Semaphore — How to Control How Many Operations Run at the Same Time

#architecture #learning #performance #writing

What if 100 requests hit your server at the same time and all of them try to connect to your database simultaneously?

I started thinking about this while building my project. I had worker threads running, multiple operations happening at once, and at some point I realized there's no control here. Everything is just running at the same time. No limit. No waiting. Just all of it, at once.
And that's a problem.

What the actual means

Think about a restaurant with only 10 tables.
100 people want to eat. But only 10 can sit at a time. The rest wait outside. When one table frees up, the next person in line comes in. Nobody rushes in randomly. There's order. There's control.

That's exactly what a semaphore does for your code.

A semaphore controls how many operations can run at the same time. If the limit is reached, the rest wait in a queue. When one operation finishes and releases its slot, the next one in the queue gets to run.

Why This Actually Matters

Without this kind of control, you can easily overwhelm a resource.

Your database has a connection limit. Your external API has a rate limit.

Your file system slows down if too many things try to write at the same time. If you just let everything run at once without any control, you're not managing your resources you're just hoping nothing breaks.

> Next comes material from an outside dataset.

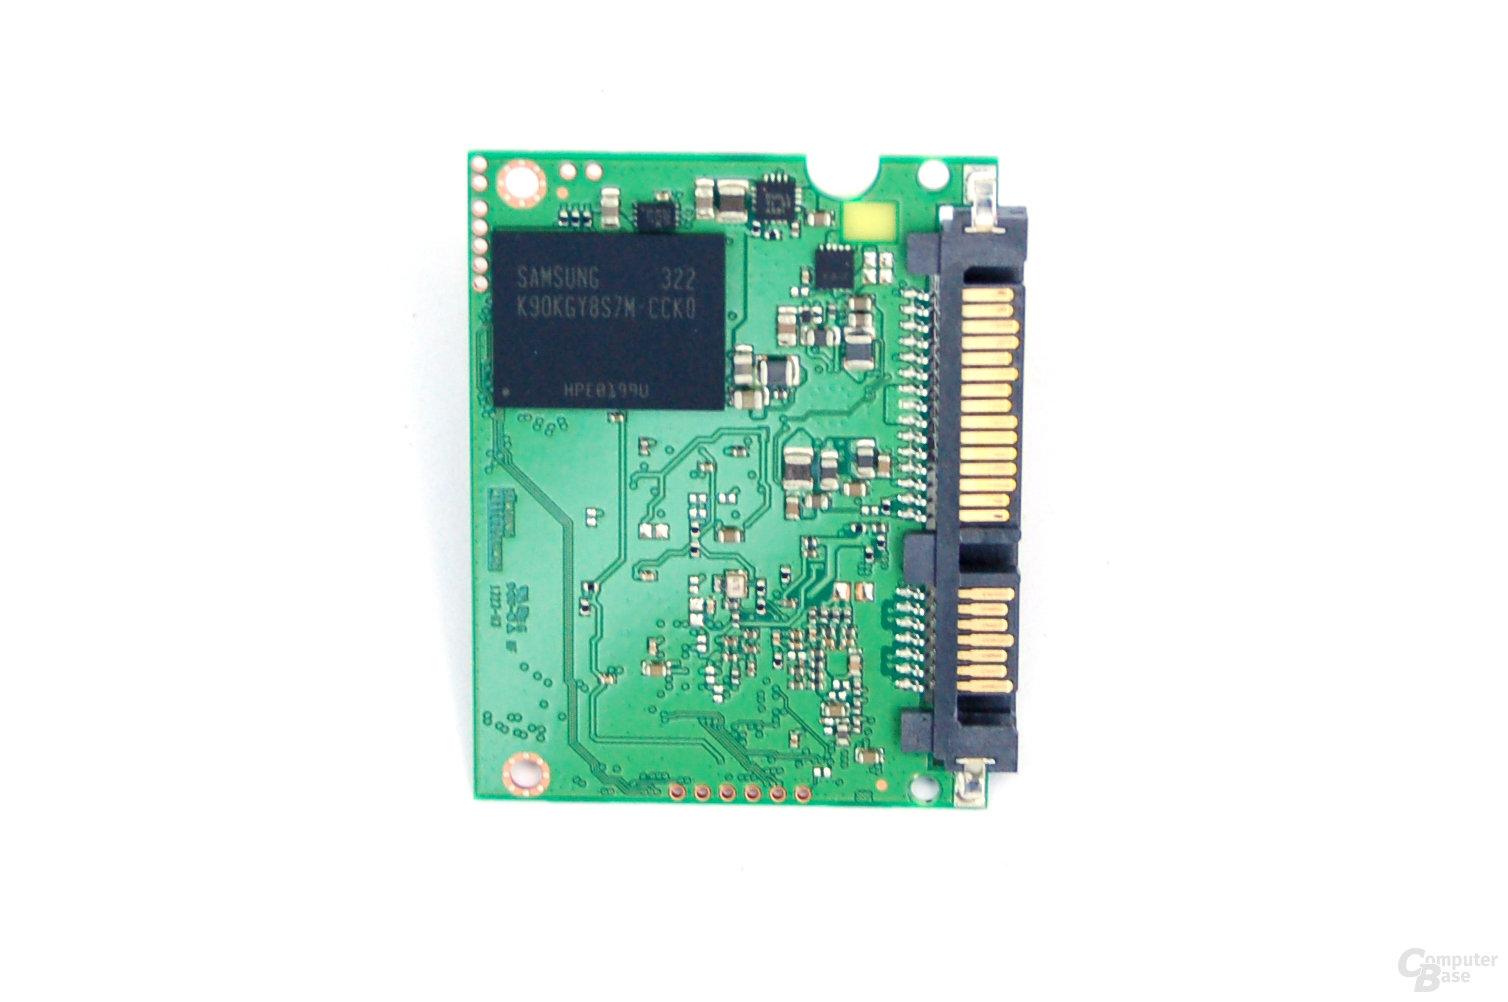 Samsung SSD 840 Evo 250 GB

I kept seeing this pattern while building production-level infrastructure. Every piece of it has some form of concurrency control. Rate limiting for incoming requests. Connection pooling for databases. And semaphore for controlling how many operations run at a time inside your own system.

How the Semaphore Works

The implementation is simpler than it sounds.

export class Semaphore {
    constructor(maxConcurrent) {
        this.maxConcurrent = maxConcurrent
        this.current = 0
        this.queue = []
    }

    acquire() {
        return new Promise((resolve) => {
            if (this.current < this.maxConcurrent) {
                this.current++;
                resolve();
            } else {
                this.queue.push(resolve)
            }
        })
    }

    release() {
        this.current--;
        if (this.queue.length > 0) {
            this.current++;
            const next = this.queue.shift()
            next();
        }
    }

    async run(fn) {
        await this.acquire();
        try {
            return await fn()
        } finally {
            this.release()
        }
    }
}

Three parts. That's it.

acquire() — before an operation starts, it asks the semaphore for a slot. If a slot is available, it gets one and runs immediately. If not, it waits in the queue. That waiting is handled by a Promise that only resolves when a slot opens up.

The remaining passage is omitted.